A third important discovery reported here is that the N- and Q-respirasomes, and at less extent SC I + III2, are unstable after disruption of the mitochondrial membranes even if preserved at 4°C. This previously unnoticed phenomenon raises concerns in the interpretation of experiments aimed to measure the proportion and function of SCs when mitochondrial membrane integrity is not preserved. More notably, the loss of N- and Q-respirasomes is paralleled by the specific proteolytic processing of SCAF1 by calpain-1 that causes the processed form of SCAF1 to migrate together with CIV. If this cleavage is physiologically relevant needs to be further investigated, then at this point, it explains discrepant results in the literature, which considered SCAF1 as a shorter protein that acts as a mere isoform of CIV (37). By the same token, it may explain the unexpected presence of variable amounts of SCAF1 associated with free CIV. Our observation is also coherent with the description of two respirasome structures by several groups (6, 8) that differ in the connection between III2 and IV that is either present (tight respirasome) or absent (loose respirasome). Our finding also explains the reported conversion of the tight respirasome into the loose one with time (6). Therefore, these observations largely clarify the investigation of the functional role of the respiratory SCs using BNGE.
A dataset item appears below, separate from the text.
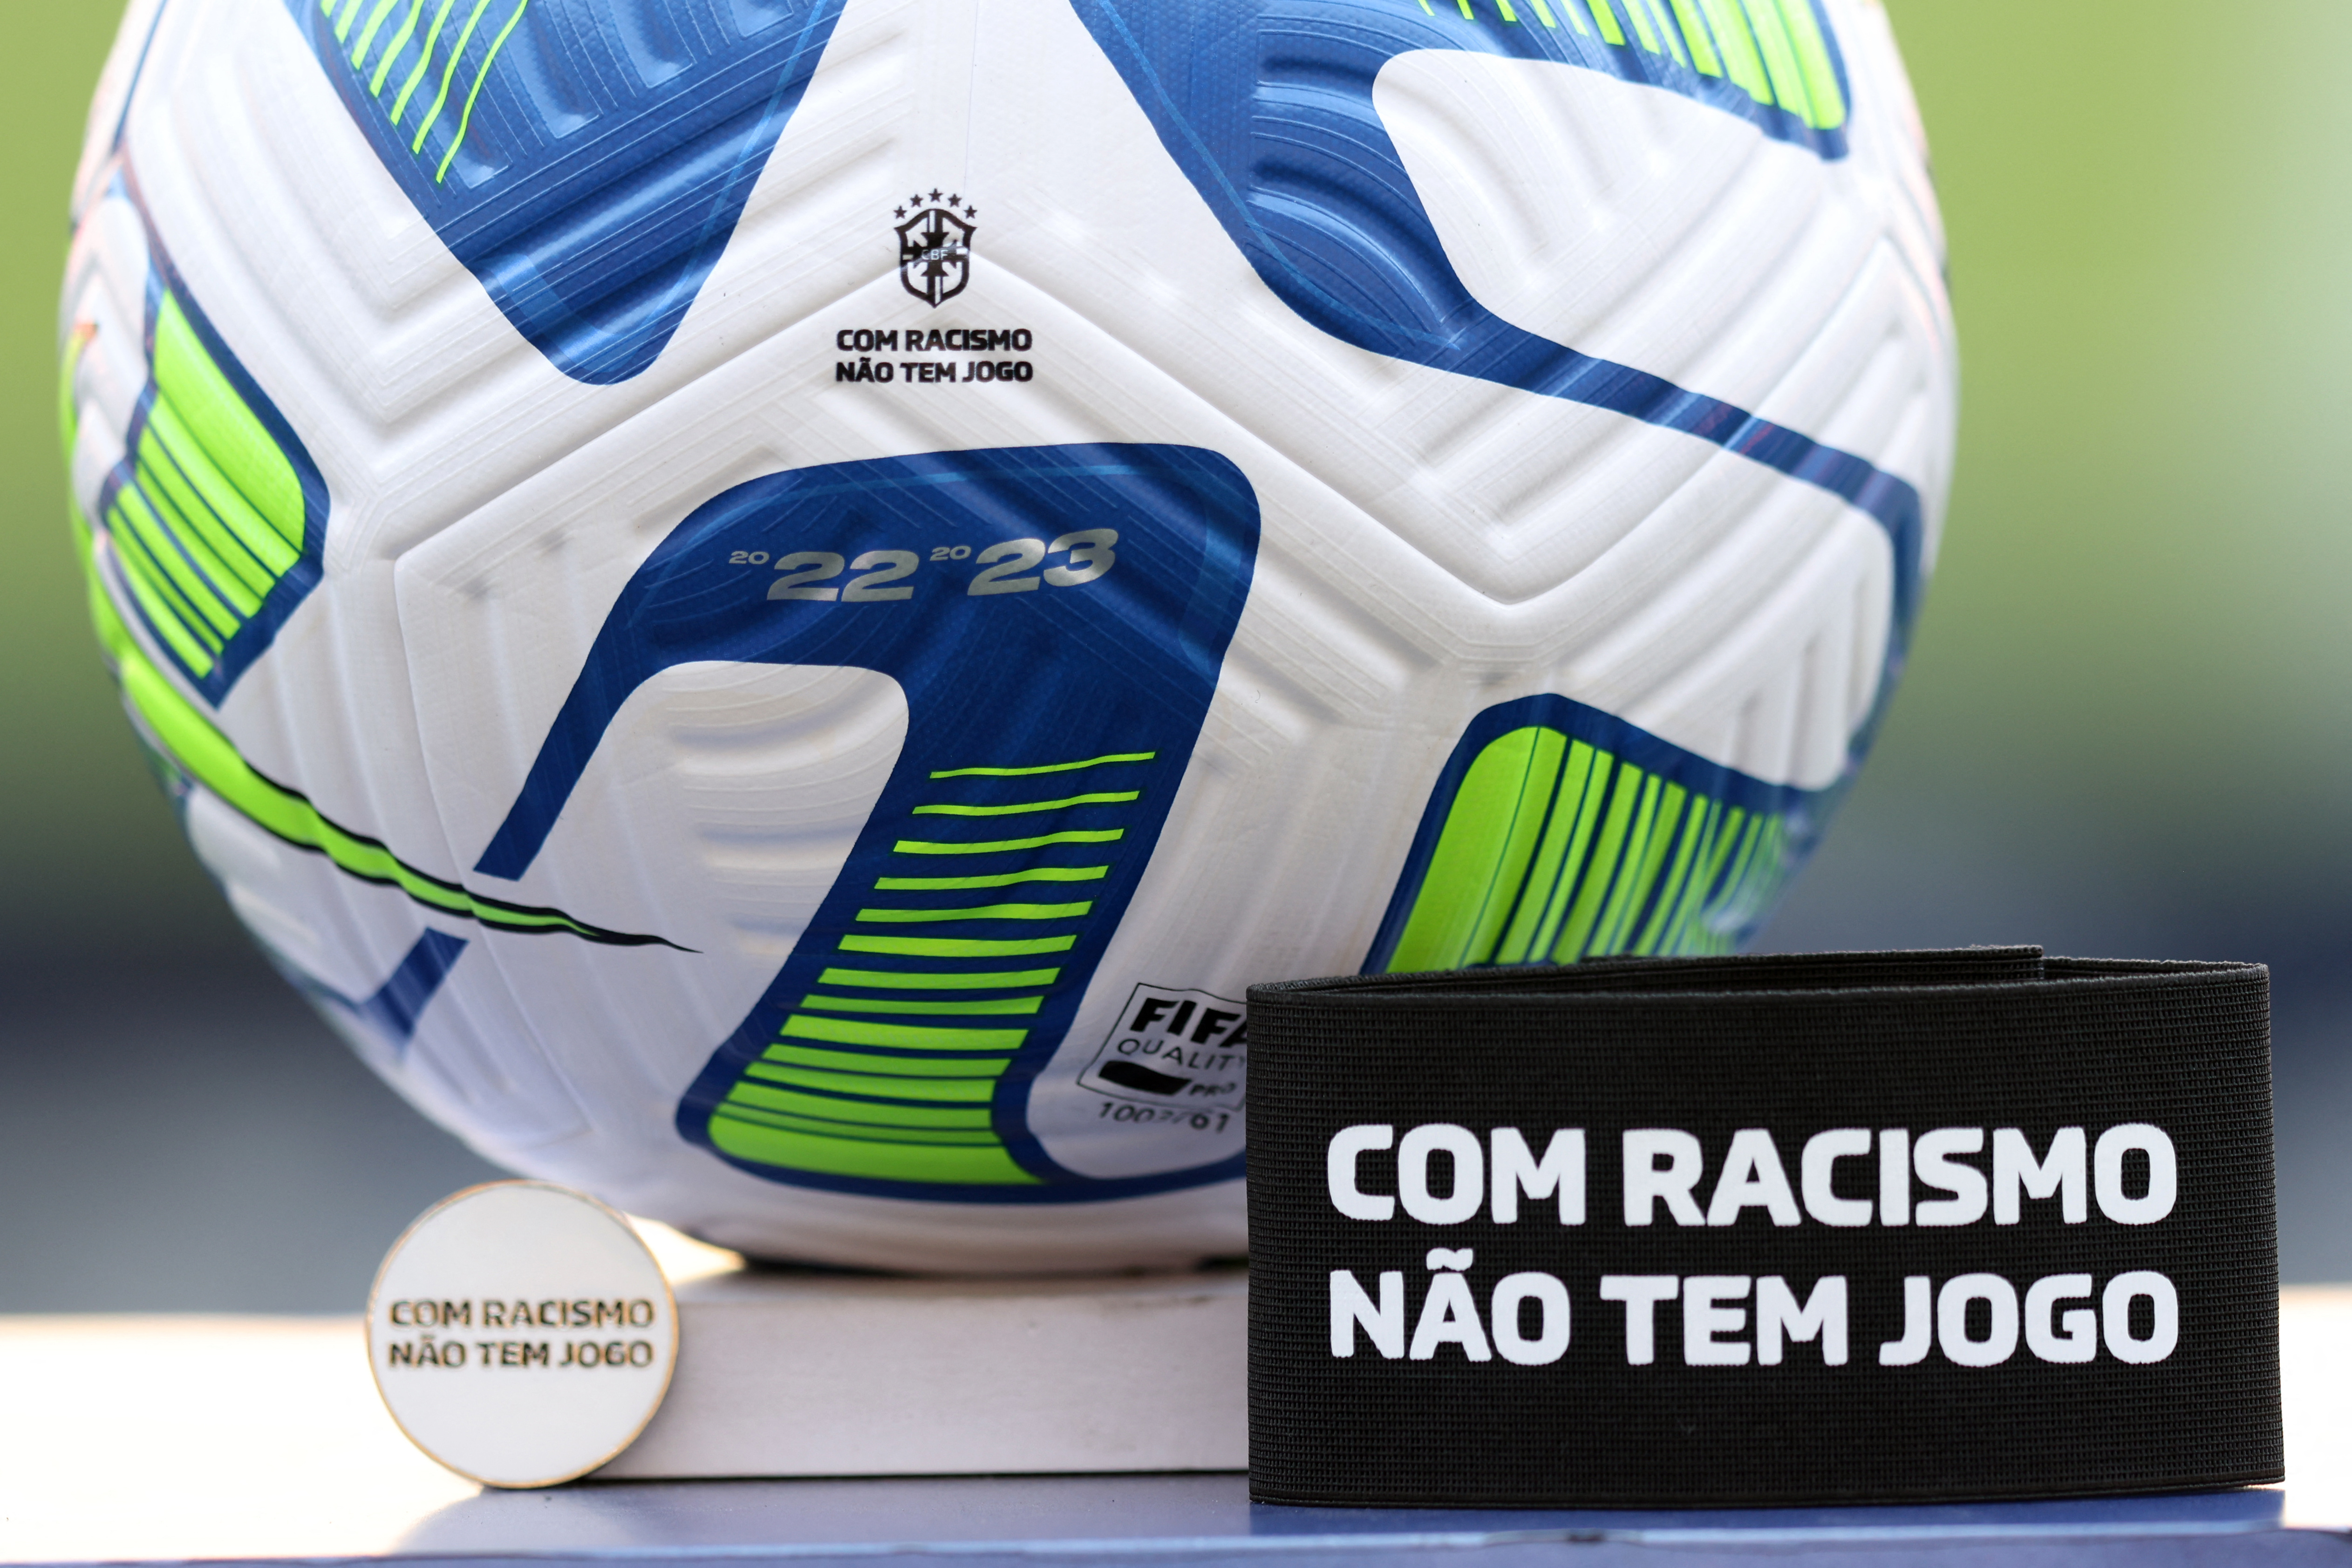 Río de Janeiro aprobó la paralización de partidos de fútbol en caso de racismo en los estadios
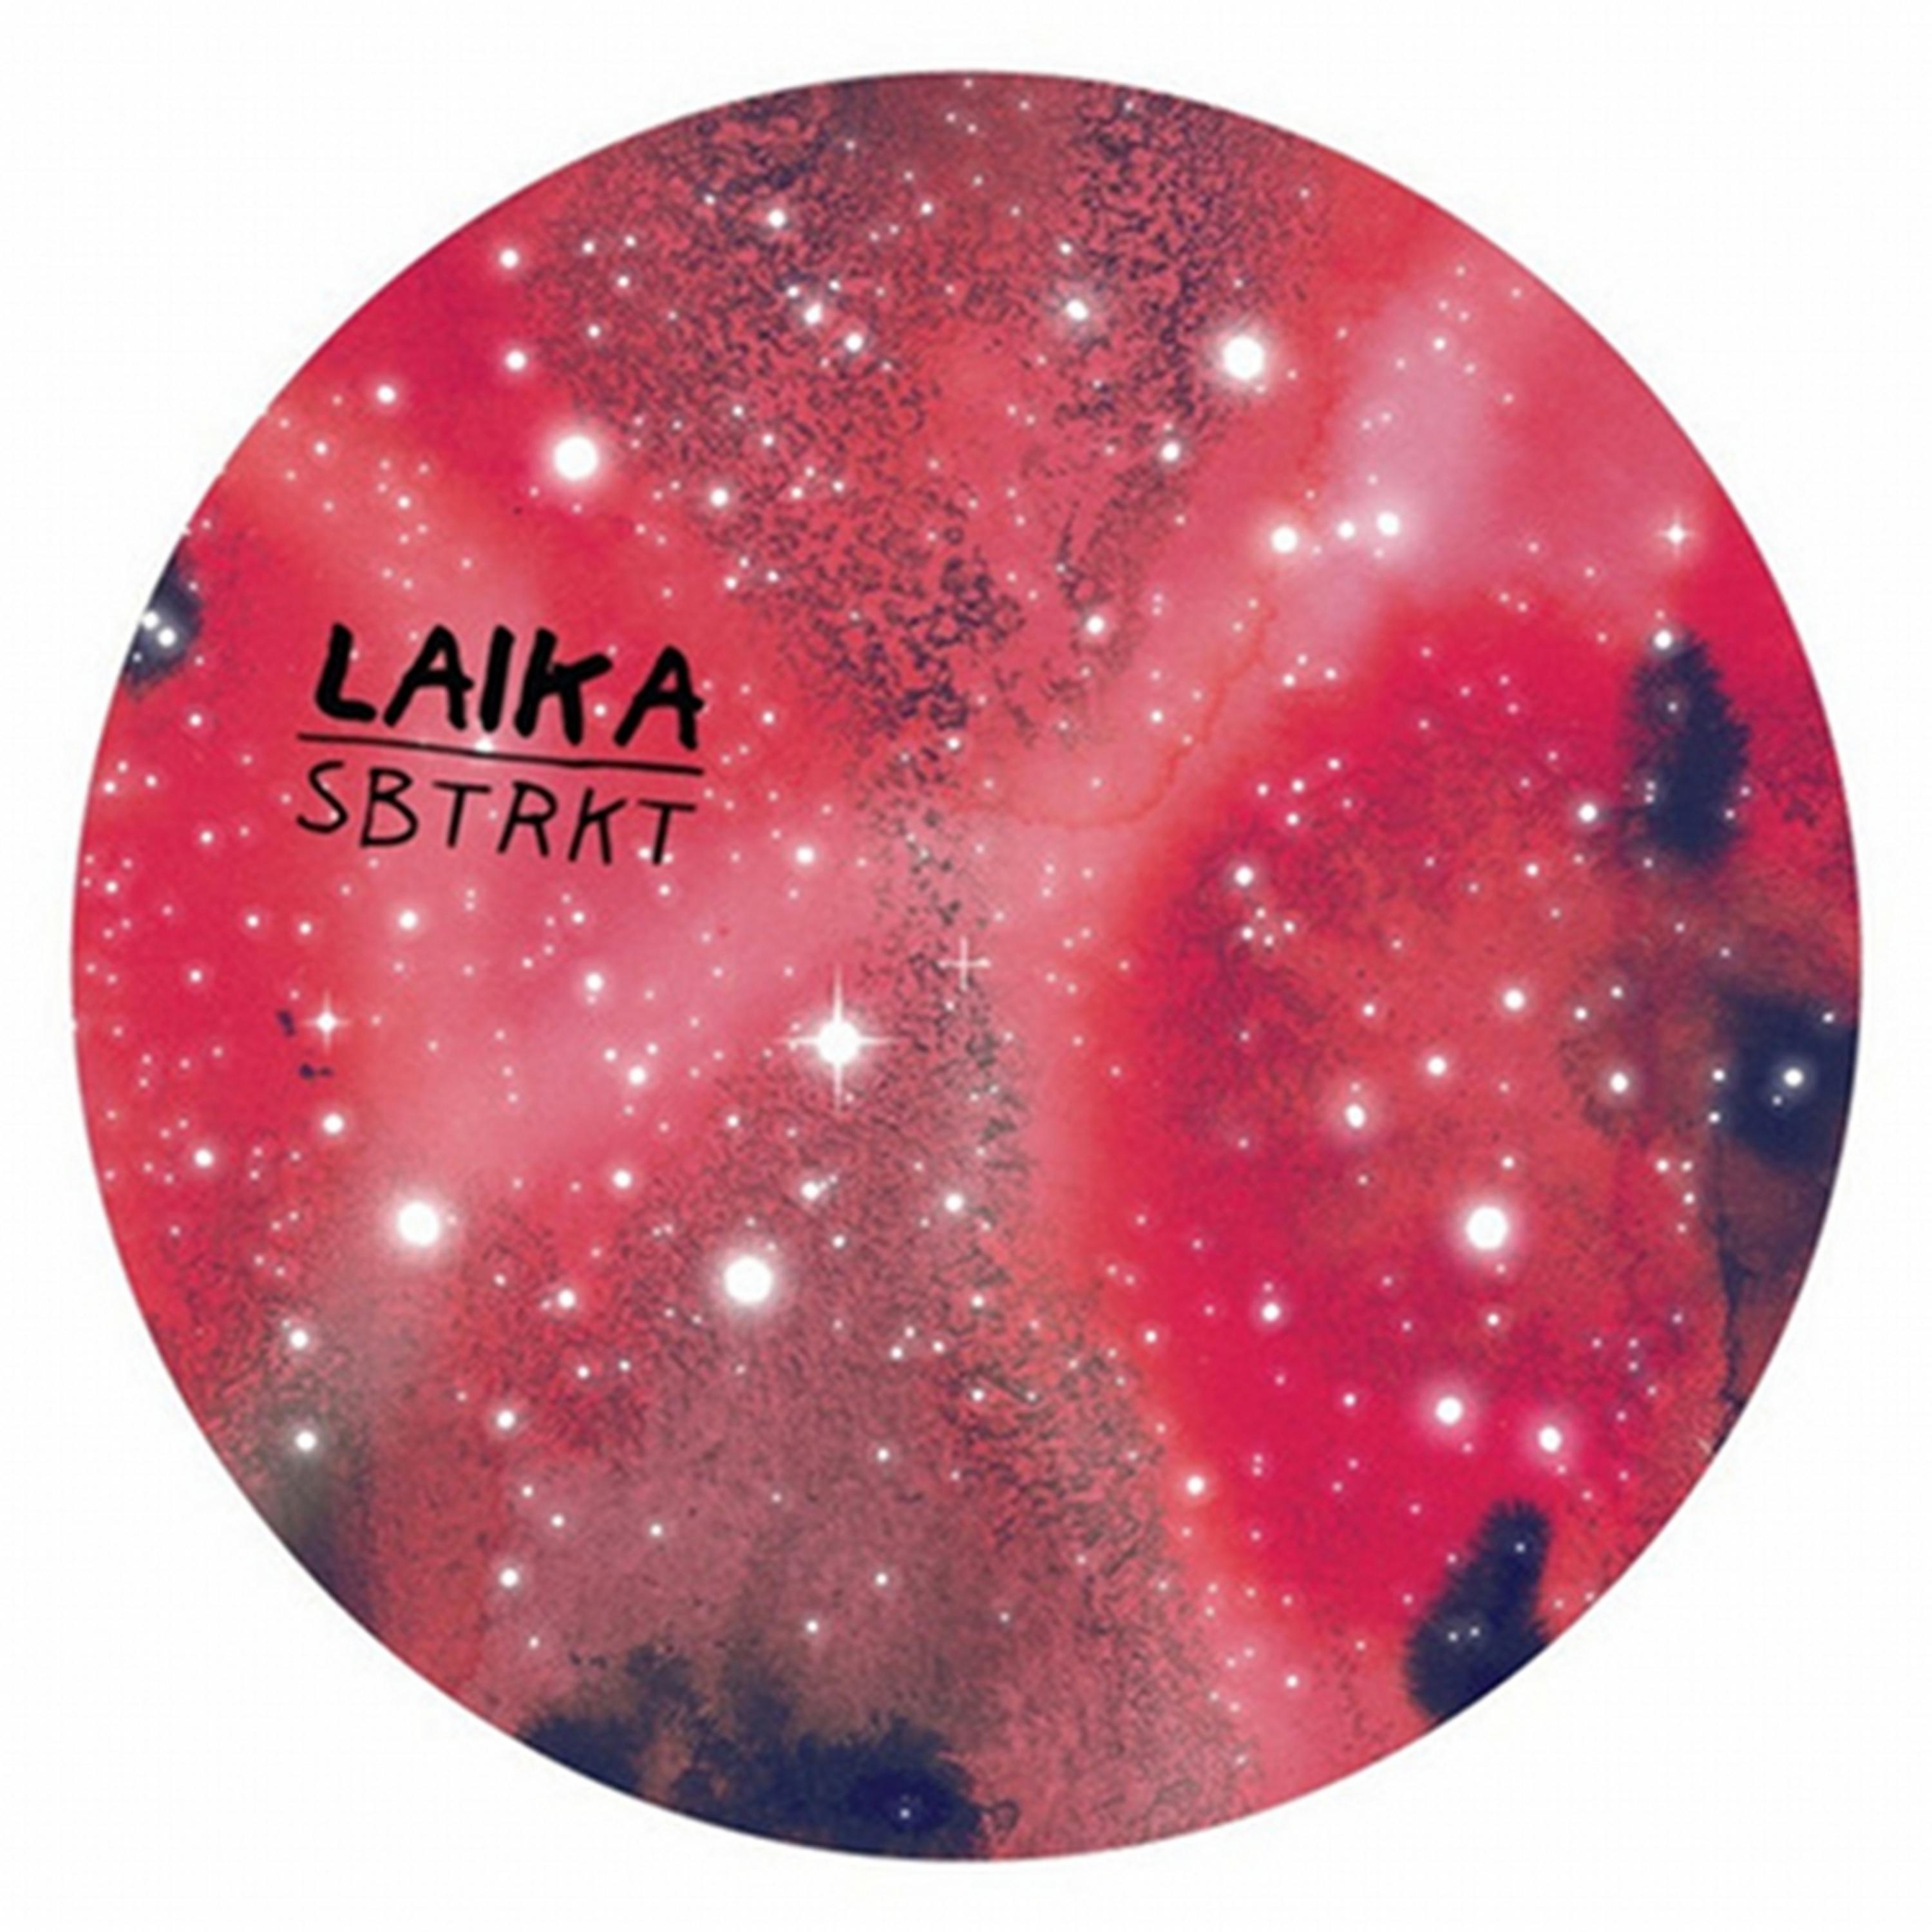 Английские песни из лайка. Laika Band. Laika "laika. Nebula (CD)". Песни из лайка для ЛП. Музыка нас лайка.

In summary, in this report, we show that superassembly between respiratory complexes substantially enhances the respiratory capacity of the electron transport chain while minimizing ROS production. Superassembly establishes a segmented CoQ pool through the association between CI and CIII, while SCAF1 plays a critical role in the III2 + IV interaction affecting the structure and kinetic properties of the respirasome. Hence, SCAF1 is a key factor in the regulation of the energy metabolism, optimizing efficiency under high energy demands.


Experimental design

This work was designed to solve the apparent contradictory results regarding the role of SCAF1 in the structure, function, and physiological implications of superassembly of respiratory complexes. For that purpose, we generate isogenic mouse models expressing the functional SCAF1, a nonfunctional SCAF1, and knockout for the expression of SCAF1. The exercise capacity of the different mouse models was assessed. We purify the N-respirasomes from those sources and analyze their structure and function. Last, we generate cell and animal models expressing AOX to evaluate the delivery of electrons from CI to either superassembled CIII or nonsuperassembled CIV.

Mouse generation

This study used mouse and cellular models which were generated in our laboratory. (i) C57BL/6JOlaHsd mice with the functional version of SCAF1 were generated as previously described (16). C57BL/6JOlaHsd mice knock out for SCAF1 were generated by microinjection of ES cells knock out in the first alleles from European Mouse Mutant Cell Repository (EuMMCR) in C57BL/6JOlaHsd blastocysts. Further, the blastocysts were implanted in a pseudopregnant female C57BL/6JOlaHsd. (ii) AOX-expressing mice were generated by genOway by targeted insertion of the AOX complementary DNA (cDNA) within the Rosa26 locus via homologous recombination in embryonic stem cells originally derived from 129 strains of mouse and injected into C57BL/6J blastocysts and then reimplanted into OF1 pseudopregnant and allowed to develop to term. After removal of the neocassette flanked by flippase recognition target sites, the selected knock-in animals were then systematically backcrossed for more than 20 generations to C57BL/6JOlaHsd background. The expression of the transgene is dependent on the Cre recombinase–mediated excision of a LoxP-flanked transcriptional “STOP” cassette upstream of the AOX cDNA. For this study, we induce the expression of AOX in the muscle and heart by breeding the AOX animals with expressing CRE under the Actin Alpha 1 promoter.

Mouse experimentation

All animal procedures conformed to EU Directive 86/609/EEC and Recommendation 2007/526/EC regarding the protection of animals used for experimental and other scientific purposes, enforced in Spanish law under Real Decreto 1201/2005. Approval of the different experimental protocols requires the estimation of the adequate sample size as well as the definition of the randomization and blinding criteria. The mice were fed a standard chow diet (5K67, LabDiet).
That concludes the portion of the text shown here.